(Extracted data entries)
◇ ◇ ◇

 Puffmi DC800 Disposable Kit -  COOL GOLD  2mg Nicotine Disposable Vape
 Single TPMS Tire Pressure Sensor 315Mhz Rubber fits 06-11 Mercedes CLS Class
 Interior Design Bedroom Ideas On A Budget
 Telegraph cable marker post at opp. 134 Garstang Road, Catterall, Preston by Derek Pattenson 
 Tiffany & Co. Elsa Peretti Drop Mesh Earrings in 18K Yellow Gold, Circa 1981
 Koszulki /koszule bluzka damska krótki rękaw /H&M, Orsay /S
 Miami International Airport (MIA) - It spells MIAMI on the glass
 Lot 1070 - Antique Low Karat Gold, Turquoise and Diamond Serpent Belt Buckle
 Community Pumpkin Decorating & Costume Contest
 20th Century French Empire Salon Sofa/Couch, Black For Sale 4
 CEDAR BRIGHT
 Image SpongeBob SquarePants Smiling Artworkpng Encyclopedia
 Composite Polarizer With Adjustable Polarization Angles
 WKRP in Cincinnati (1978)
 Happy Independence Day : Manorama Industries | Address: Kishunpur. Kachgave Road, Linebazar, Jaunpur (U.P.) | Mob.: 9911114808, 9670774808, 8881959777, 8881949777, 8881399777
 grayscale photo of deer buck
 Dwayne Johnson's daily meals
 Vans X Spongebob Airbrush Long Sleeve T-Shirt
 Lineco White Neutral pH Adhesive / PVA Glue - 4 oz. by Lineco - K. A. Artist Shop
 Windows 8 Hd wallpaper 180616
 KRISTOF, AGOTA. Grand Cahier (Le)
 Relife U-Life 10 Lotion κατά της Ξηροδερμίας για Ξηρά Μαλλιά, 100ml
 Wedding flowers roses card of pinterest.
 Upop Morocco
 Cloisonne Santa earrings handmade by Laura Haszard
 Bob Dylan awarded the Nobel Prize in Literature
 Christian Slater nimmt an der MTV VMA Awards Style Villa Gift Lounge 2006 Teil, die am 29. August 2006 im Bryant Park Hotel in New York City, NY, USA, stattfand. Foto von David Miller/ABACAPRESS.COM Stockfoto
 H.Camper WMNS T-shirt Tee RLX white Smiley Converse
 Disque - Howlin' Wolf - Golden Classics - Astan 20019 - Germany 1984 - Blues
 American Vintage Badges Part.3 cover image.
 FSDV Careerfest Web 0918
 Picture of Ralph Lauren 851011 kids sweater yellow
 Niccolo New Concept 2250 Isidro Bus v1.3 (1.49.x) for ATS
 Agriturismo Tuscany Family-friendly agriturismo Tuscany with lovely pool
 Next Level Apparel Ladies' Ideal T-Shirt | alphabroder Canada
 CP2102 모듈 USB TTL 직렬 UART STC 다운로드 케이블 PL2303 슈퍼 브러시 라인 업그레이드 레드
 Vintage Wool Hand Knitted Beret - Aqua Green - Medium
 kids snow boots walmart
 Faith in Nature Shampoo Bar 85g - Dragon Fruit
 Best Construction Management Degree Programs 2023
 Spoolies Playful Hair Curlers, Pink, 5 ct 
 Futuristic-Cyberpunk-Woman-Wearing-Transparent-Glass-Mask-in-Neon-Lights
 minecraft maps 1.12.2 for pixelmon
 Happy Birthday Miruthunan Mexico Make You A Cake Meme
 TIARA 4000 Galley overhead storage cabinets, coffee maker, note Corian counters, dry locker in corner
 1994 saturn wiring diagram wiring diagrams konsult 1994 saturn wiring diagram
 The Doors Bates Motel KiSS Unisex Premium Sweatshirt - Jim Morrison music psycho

◇ ◇ ◇

Required action. Write out all the data exactly.

Response to this task.
 Puffmi DC800 Disposable Kit -  COOL GOLD  2mg Nicotine Disposable Vape
 Single TPMS Tire Pressure Sensor 315Mhz Rubber fits 06-11 Mercedes CLS Class
 Interior Design Bedroom Ideas On A Budget
 Telegraph cable marker post at opp. 134 Garstang Road, Catterall, Preston by Derek Pattenson 
 Tiffany & Co. Elsa Peretti Drop Mesh Earrings in 18K Yellow Gold, Circa 1981
 Koszulki /koszule bluzka damska krótki rękaw /H&M, Orsay /S
 Miami International Airport (MIA) - It spells MIAMI on the glass
 Lot 1070 - Antique Low Karat Gold, Turquoise and Diamond Serpent Belt Buckle
 Community Pumpkin Decorating & Costume Contest
 20th Century French Empire Salon Sofa/Couch, Black For Sale 4
 CEDAR BRIGHT
 Image SpongeBob SquarePants Smiling Artworkpng Encyclopedia
 Composite Polarizer With Adjustable Polarization Angles
 WKRP in Cincinnati (1978)
 Happy Independence Day : Manorama Industries | Address: Kishunpur. Kachgave Road, Linebazar, Jaunpur (U.P.) | Mob.: 9911114808, 9670774808, 8881959777, 8881949777, 8881399777
 grayscale photo of deer buck
 Dwayne Johnson's daily meals
 Vans X Spongebob Airbrush Long Sleeve T-Shirt
 Lineco White Neutral pH Adhesive / PVA Glue - 4 oz. by Lineco - K. A. Artist Shop
 Windows 8 Hd wallpaper 180616
 KRISTOF, AGOTA. Grand Cahier (Le)
 Relife U-Life 10 Lotion κατά της Ξηροδερμίας για Ξηρά Μαλλιά, 100ml
 Wedding flowers roses card of pinterest.
 Upop Morocco
 Cloisonne Santa earrings handmade by Laura Haszard
 Bob Dylan awarded the Nobel Prize in Literature
 Christian Slater nimmt an der MTV VMA Awards Style Villa Gift Lounge 2006 Teil, die am 29. August 2006 im Bryant Park Hotel in New York City, NY, USA, stattfand. Foto von David Miller/ABACAPRESS.COM Stockfoto
 H.Camper WMNS T-shirt Tee RLX white Smiley Converse
 Disque - Howlin' Wolf - Golden Classics - Astan 20019 - Germany 1984 - Blues
 American Vintage Badges Part.3 cover image.
 FSDV Careerfest Web 0918
 Picture of Ralph Lauren 851011 kids sweater yellow
 Niccolo New Concept 2250 Isidro Bus v1.3 (1.49.x) for ATS
 Agriturismo Tuscany Family-friendly agriturismo Tuscany with lovely pool
 Next Level Apparel Ladies' Ideal T-Shirt | alphabroder Canada
 CP2102 모듈 USB TTL 직렬 UART STC 다운로드 케이블 PL2303 슈퍼 브러시 라인 업그레이드 레드
 Vintage Wool Hand Knitted Beret - Aqua Green - Medium
 kids snow boots walmart
 Faith in Nature Shampoo Bar 85g - Dragon Fruit
 Best Construction Management Degree Programs 2023
 Spoolies Playful Hair Curlers, Pink, 5 ct 
 Futuristic-Cyberpunk-Woman-Wearing-Transparent-Glass-Mask-in-Neon-Lights
 minecraft maps 1.12.2 for pixelmon
 Happy Birthday Miruthunan Mexico Make You A Cake Meme
 TIARA 4000 Galley overhead storage cabinets, coffee maker, note Corian counters, dry locker in corner
 1994 saturn wiring diagram wiring diagrams konsult 1994 saturn wiring diagram
 The Doors Bates Motel KiSS Unisex Premium Sweatshirt - Jim Morrison music psycho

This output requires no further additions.